Ever since the Great Recession, the financial market has continually evolved to meet the changing needs of individuals and businesses alike.
Take invoice financing, for example, which is a diverse lending product that enables businesses to leverage their accounts receivable as a way of optimising their real-time cash flow.
We’ll explore the concept of invoice financing below, while discussing its main terminology and the numerous forms that it can take.
What is Invoice Financing?
Invoice financing is actually a generic term, and one that is used for any asset based lending products that cover slow-paying accounts receivable.
While most companies and sectors adhere to 15 or 30-day invoice terms, there are numerous instances in which clients will request 60 or 90-day terms. This can place a significant squeeze on your businesses cash flow and available levels of working capital, making it difficult to take on additional work in the near-term.
Invoice financing can negate this issue, as leveraging your accounts receivable can help you to realise the full value of your invoices almost immediately. There are two ways in which this can be achieved, namely the following:
What is Invoice Discounting?
The first method is referred to as invoice discounting, which is the practice of using your company’s unpaid invoices as the collateral for a loan.

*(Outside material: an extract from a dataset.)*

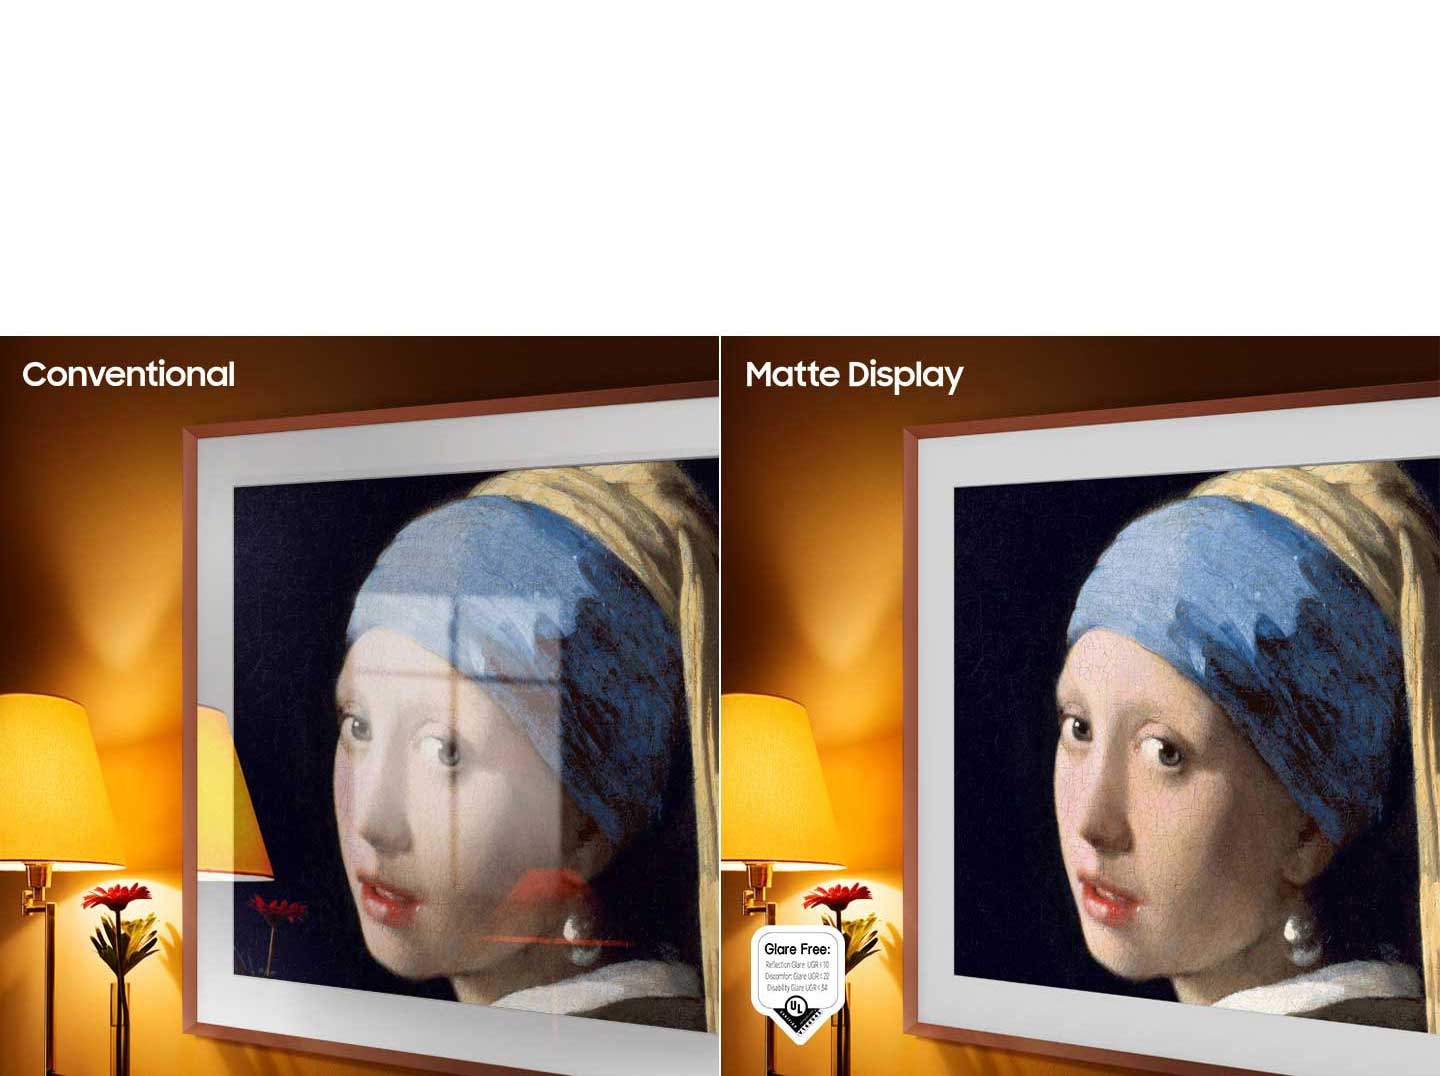 تظهر كلمة 'Conventional' (تقليدي) على الجانب الأيسر من الشاشة الذي يعرض تلفزيون The Frame أثناء عرض عمل فني مليء بالانعكاسات. وتظهر عبارة 'Matte Display' (شاشة غير لامعة) على الجانب الأيمن الذي يعرض تلفزيون The Frame يُظهِر نفس اللوحة بلا وهج، ويظهر شعار الاعتماد الخاص بالخلو من الوهج على الجانب الأيسر السفلي.

This loan will be extended by a finance company, while the amount of debt issues is typically marginally lower than the value of the outstanding accounts receivable.
In general terms, the debt value will amount to 80% of all invoices that are less than 90 days old, as this helps businesses to recoup a significant sum of money while also allowing lenders to offset their risk.
What is Invoice Factoring?
The second method of invoice financing is known as factoring, and this is arguably the most popular too.
This is a type of debtor finance through which a company sells its accounts receivable to a third party at a slightly discounted rate, usually in a bid to meet immediate and often pressing cash needs.
With this type of financing product, service providers will assume far greater responsibility, as they take on a host of various roles including credit control, sales ledger management and encouraging clients to settle their outstanding invoices.
The Bottom Line
These represent the most prominent forms of invoice financing, and there’s undoubtedly a number of subtle difference between discounting and factoring.
The most obvious of these is that businesses retain control of their accounts receivable and sales ledger in the case of invoice discounting. In contrast, you’ll outsource this responsibility when factoring and move your accounts receivable outside of the business.